We have well over a hundred factors that influence the suggestions ordering. Is the suggestion a symbol defined in the user’s project, a standard language library, or an imported third-party library? Is the place where the suggestion will be inserted in the beginning or in the middle of a line? Is there a dot in the line before this location? How much does the user work per day, on average? Do they have the suggestion definition opened right now in a different editor tab? 

Machine learning allows us to extract the patterns in a semi-automated way and take all these and many other factors into account where it is not feasible to spell all the dependencies out explicitly. 

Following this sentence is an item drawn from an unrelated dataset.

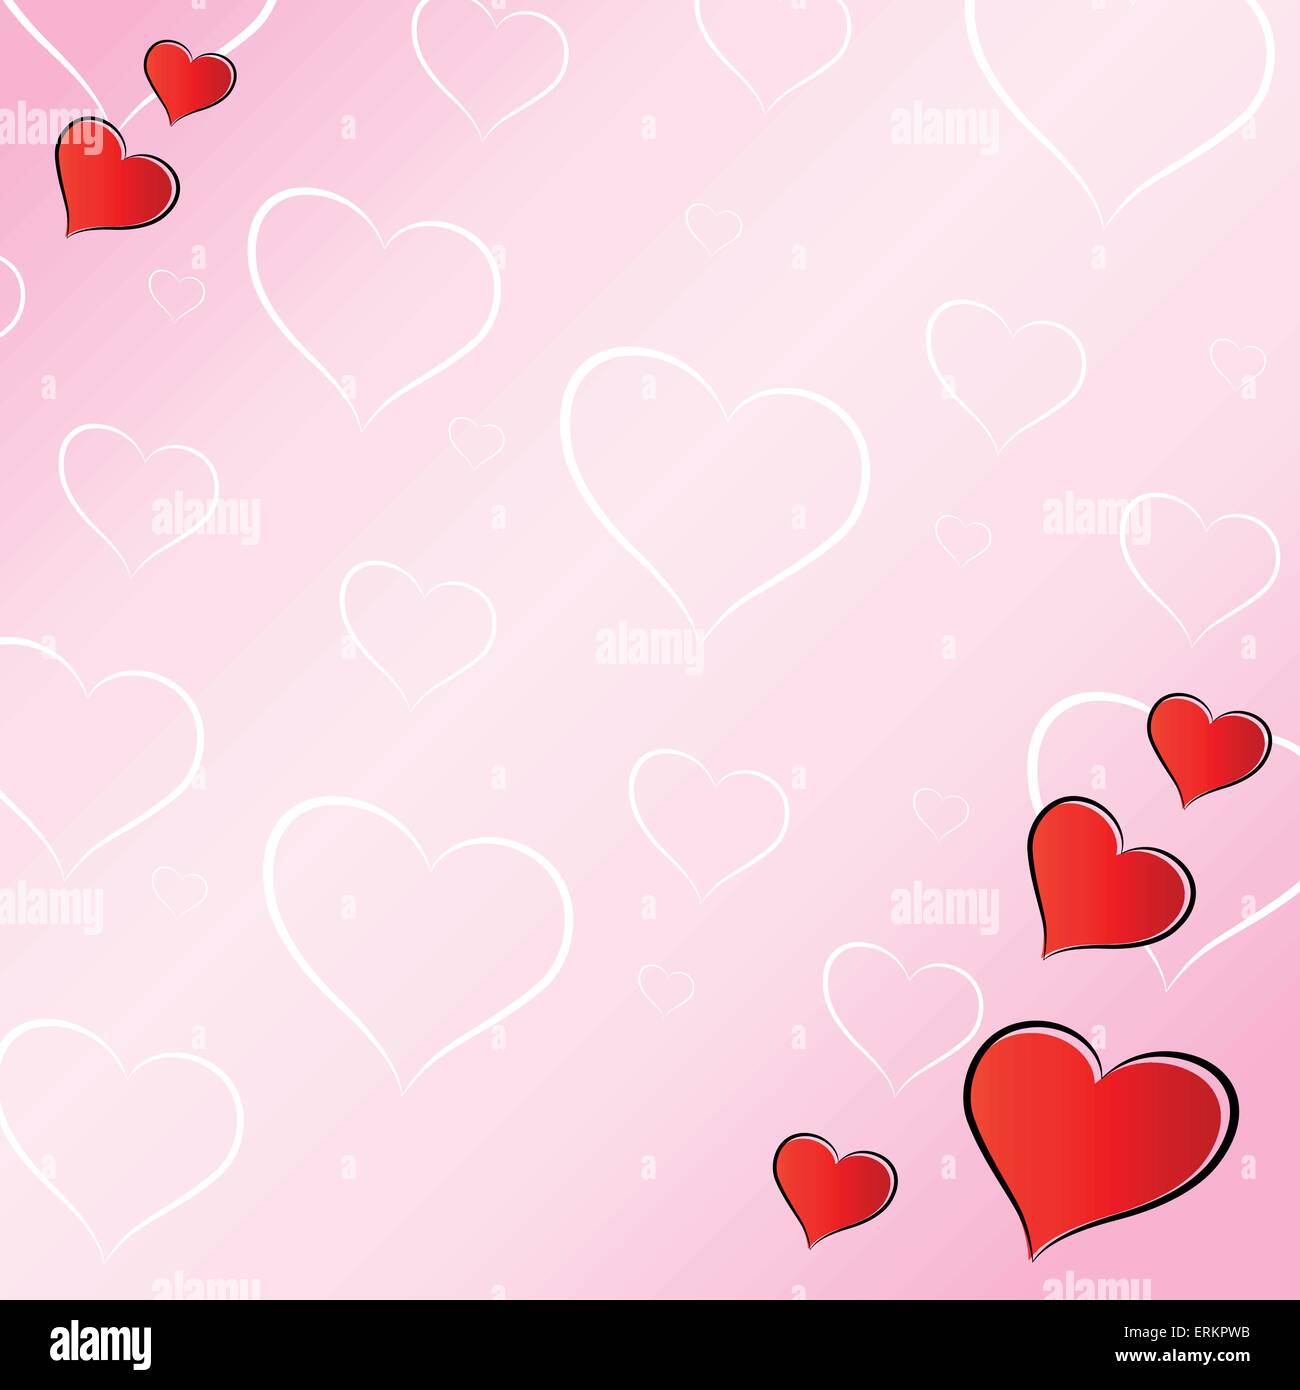 Vektor-Illustration von rosa Liebe Hintergrund Konzept Stock Vektor

Taking this further, it is also possible to use AI to generate minor code fragments. If the editor completes the current line instead of just one word, there’s a good tradeoff between development speed and cognitive load:

Figure 3. An example of code completion suggesting more than a single word. 

Some companies make this feature the core of their business. For example, TabNine and Kite distribute their software as editor add-ons that help programmers complete lines “the AI way.”

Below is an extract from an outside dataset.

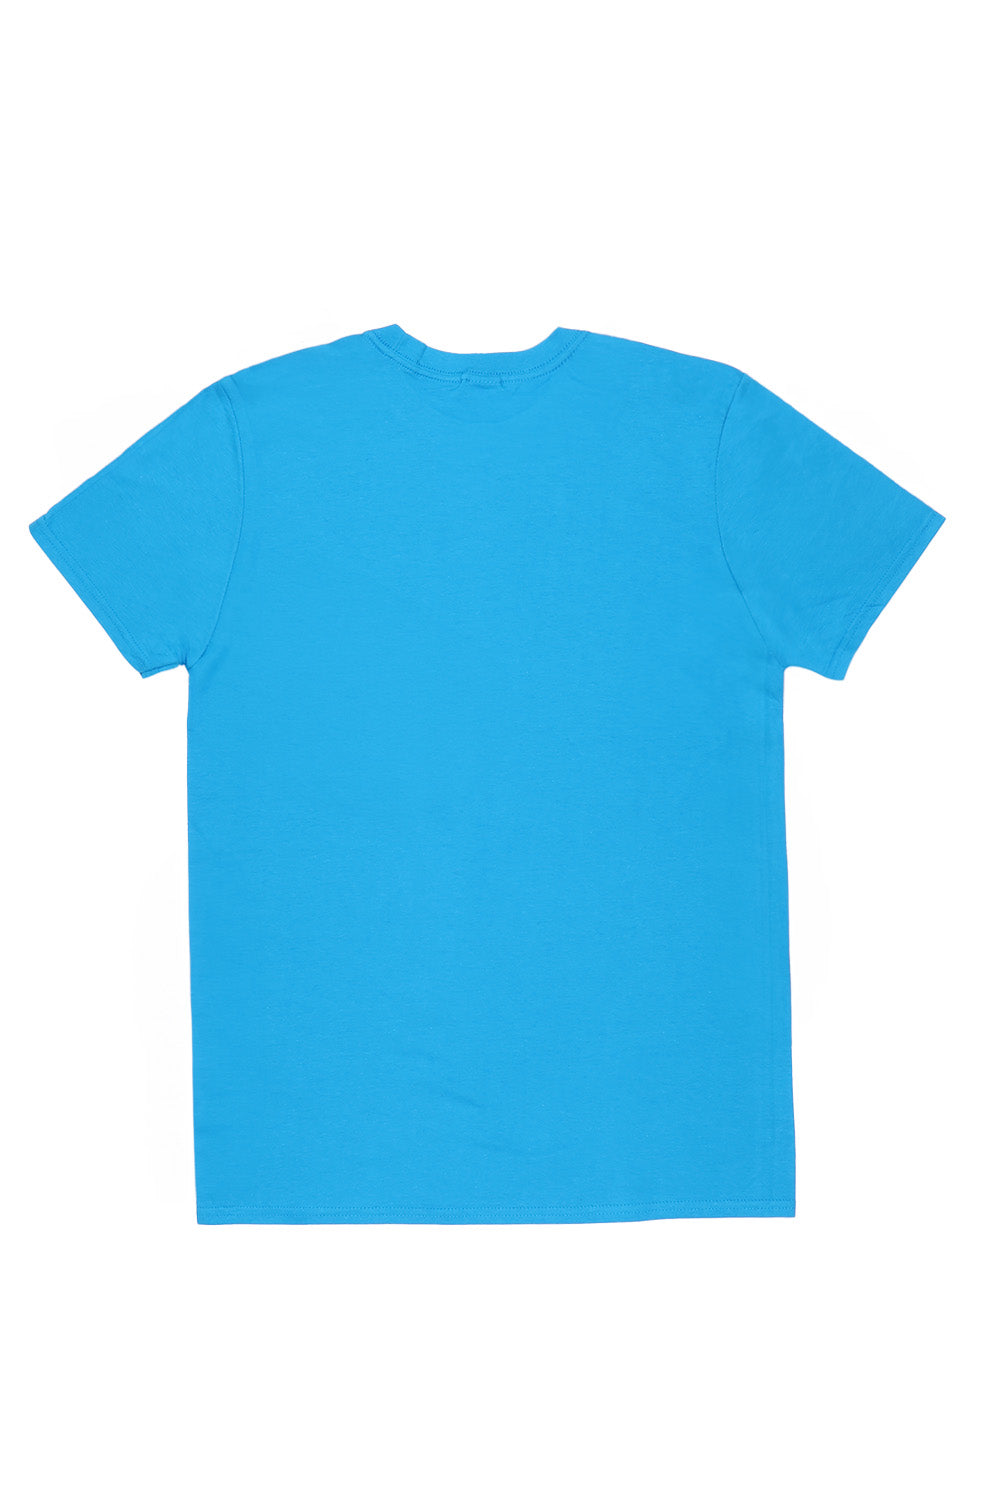 France T-Shirt in Sapphire Blue (Custom Packs)

Teaching the user to utilize new features

A source code editor is a complex piece of software. There are hundreds of productivity-boosting operations that can be invoked. Unfortunately, it is impossible for programmers to know them all.

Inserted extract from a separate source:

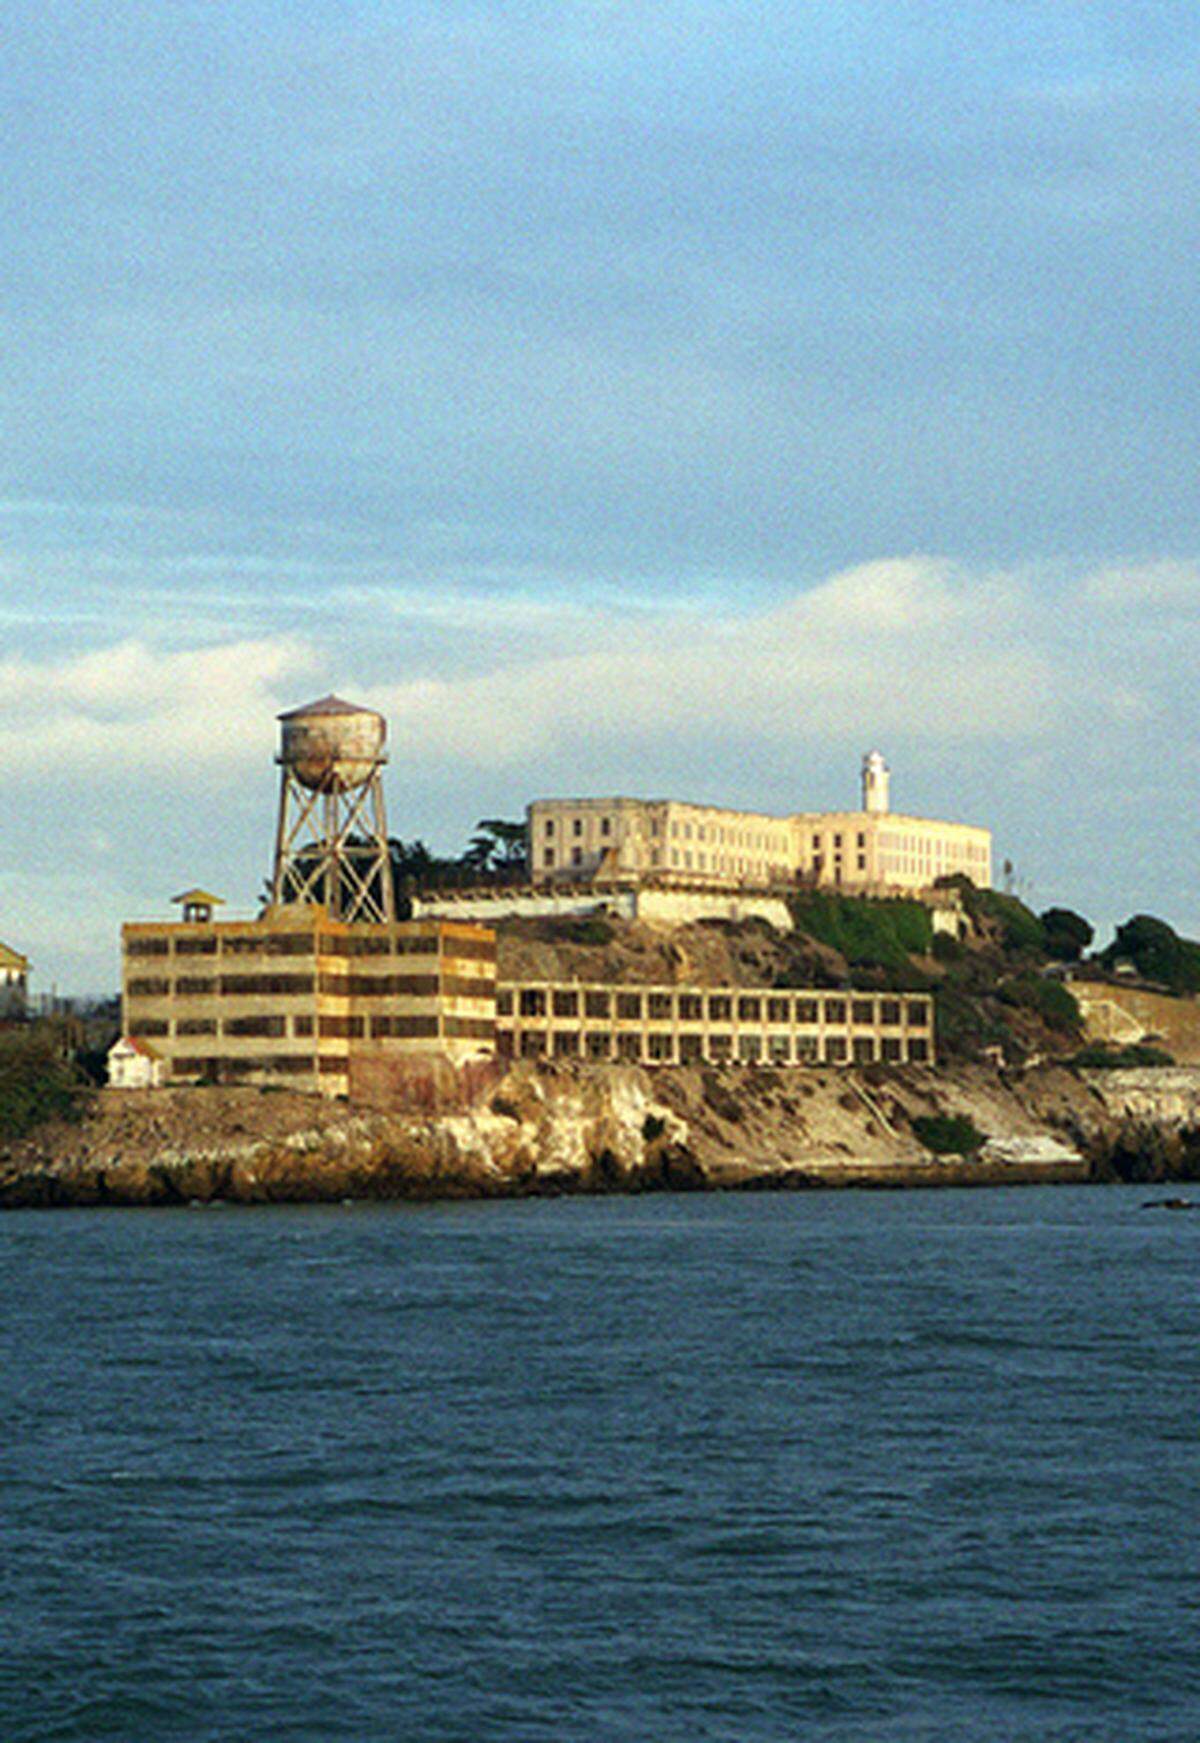 Zum Abschluss noch ein Mythos: Die Festung Alcatraz in der Bucht von San Francisco galt als absolut ausbruchssicher. 14 Versuche gab es, offiziell sind alle gescheitert.  1962 gruben jedoch Frank Morris und die Brüder John und Clarence Anglin einen Tunnel durch die vom Salzwasser zerfressenen Gefängnismauern. Mit einem selbstgebastelten Schlauchboot aus Regenmänteln versuchten sie, zu entkommen. Mit größter Wahrscheinlichkeit sind sie dabei ertrunken - eine erfolgreiche Flucht ist aber nicht ganz auszuschließen.

We can promote certain functionality by showing tips on startup, but recalling these tips when the time comes to use them might be difficult. Programmers typically have a set of around fifty favorite commands. With intelligent tips, we must present a user with two or three actions that will be especially helpful to them based on their work patterns and habits. 

AI can be used to create these personalized recommendations. For example, we may want to tell the user about the code move operation if, and only if, they frequently perform cut/paste operations within the same screen:

Figure 4. The “Code move” operation editor tip.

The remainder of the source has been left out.